I'm writing a paper, and of course this requires the use of LaTeX. As many of you know, the way one creates cross-references inside a LaTeX document is a two-step process. First, you insert the command \label{big-important-theorem} where your Big Important Theorem is in the paper. Then when you want to refer to your theorem, you write something like "And as a consequence of Theorem \ref{big-important-theorem} we can prove Corollary \ref{million-dollar-problem}, and so I claim to be the winner of a million dollar prize."

No, I have not written that sentence. Nor do I plan to. In fact, I would add "claims to be the winner of one of the Clay prizes in the body of the paper" to John Baez's crackpot index. Baez couldn't have put that in his list, because it was written in 1998. He does mention the Nobel, though, which carries a similar monetary value.

But this leads to a question -- how do you label your theorems, equations, etc. in your own LaTeX code? I try to come up with names that reflect what the labeled object is about, but this isn't so easy, because sometimes there are lots of objects that are "about" the same sort of thing. I'm tempted to just find some source of extra-mathematical names. So I could name my theorems \label{market}, \label{chestnut}, \label{walnut}, \label{locust}, ... (Philadelphia streets), say. Of course, this sequence has the disadvantage that the streets come in order; a set of names with no natural order is probably better, because then I won't feel like I'm moving things out of order when I move them around.

On a related note, often one sees bibliographical references of the form
[Be74] Edward A. Bender. Asymptotic methods in enumeration. SIAM Review,
Vol. 16, No. 4, October 1974.
I prefer this form to the form where [Be74] is replaced by a number, because if something is cited more than once in the same paper, I only need to look at the reference once; the second time I see [Be74] in the paper I know it's the paper by somebody whose name starts with Be, written in 1974. (And if it's a paper I've heard of already, sometimes I don't have to look at the citation at all.)

But what's the convention for picking the letters to be used? First two letters of the name seems common for a single-authored paper, but by no means universal; I've definitely seen one-letter citations, the problem being that if you have a reasonably extensive bibliography you'll want to cite two different authors with the same initial. I'm currently using just the first letter of each name for multiple-author works -- [FS08] for Flajolet and Sedgewick's Analytic Combinatorics (coming out sometime in December, preorderable now! and readable online!), for example. I've tried to reverse-engineer whatever convention there is from other people's reference lists and I can't. Is there actually no convention?

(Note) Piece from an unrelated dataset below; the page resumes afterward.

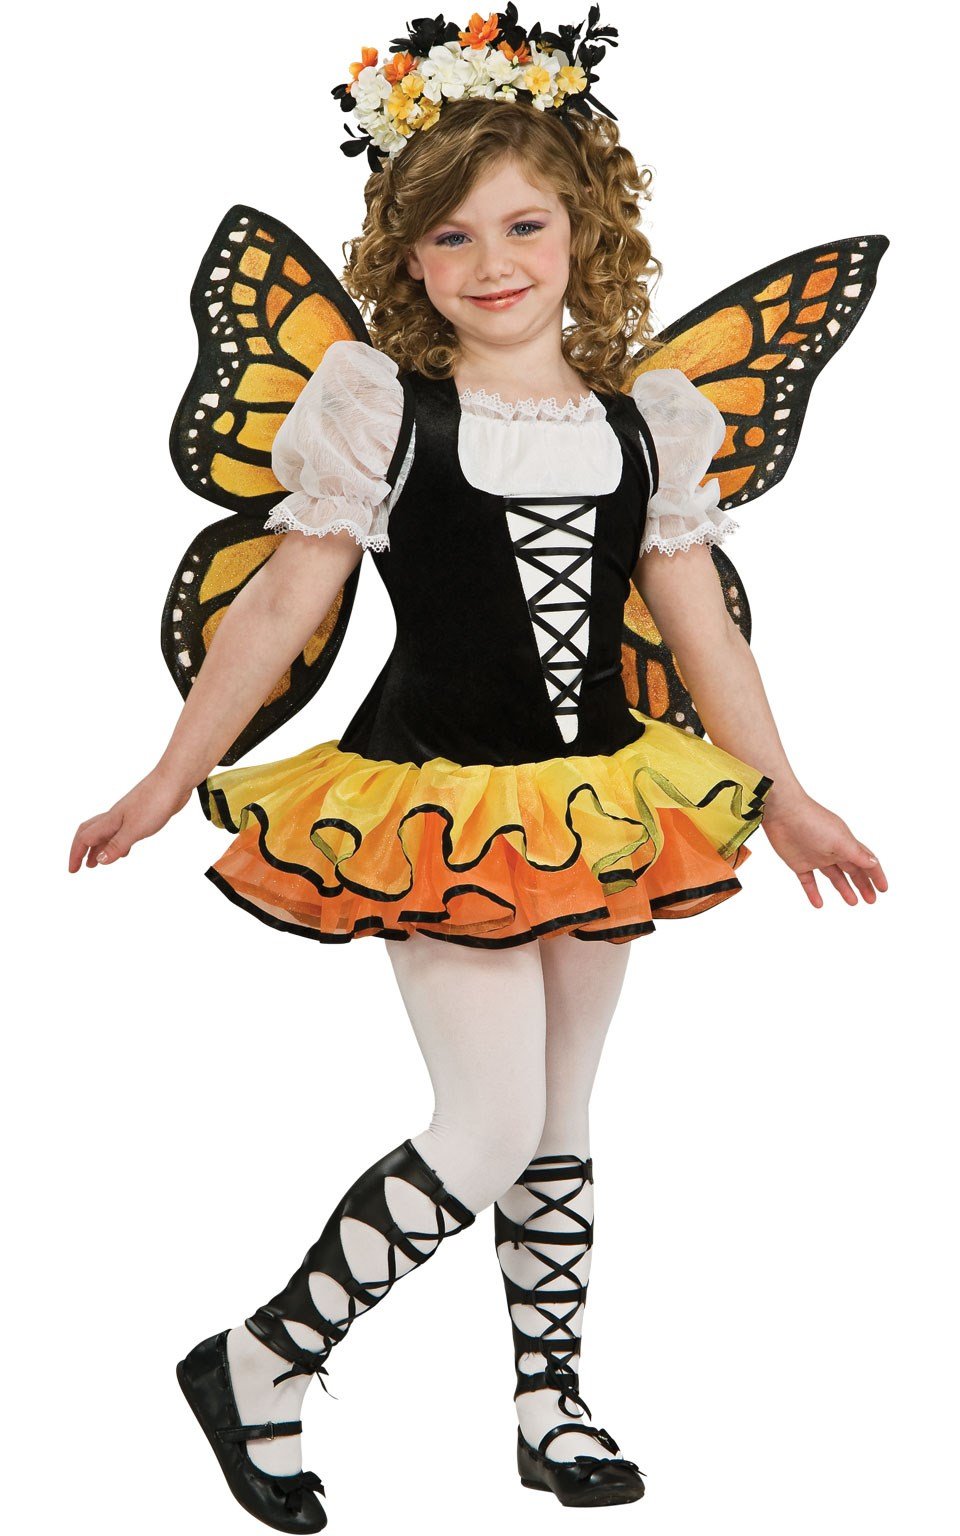 Kelebek Kız Kostümü, 1-2 Yaş - PartiShop.net - Parti Kostümleri

Of course, there is no need for a convention, as long as each work cited has a unique identifier.

17 comments:

Ben said...

There is no unique convention. I prefer 2 to 3 letters, with either a date or numbering to distinguish multiple papers by the same authors.

On the other hand, the fact that you are thinking about this means you are making your bibliography by hand, a grevious error. BibTeX is the way to go!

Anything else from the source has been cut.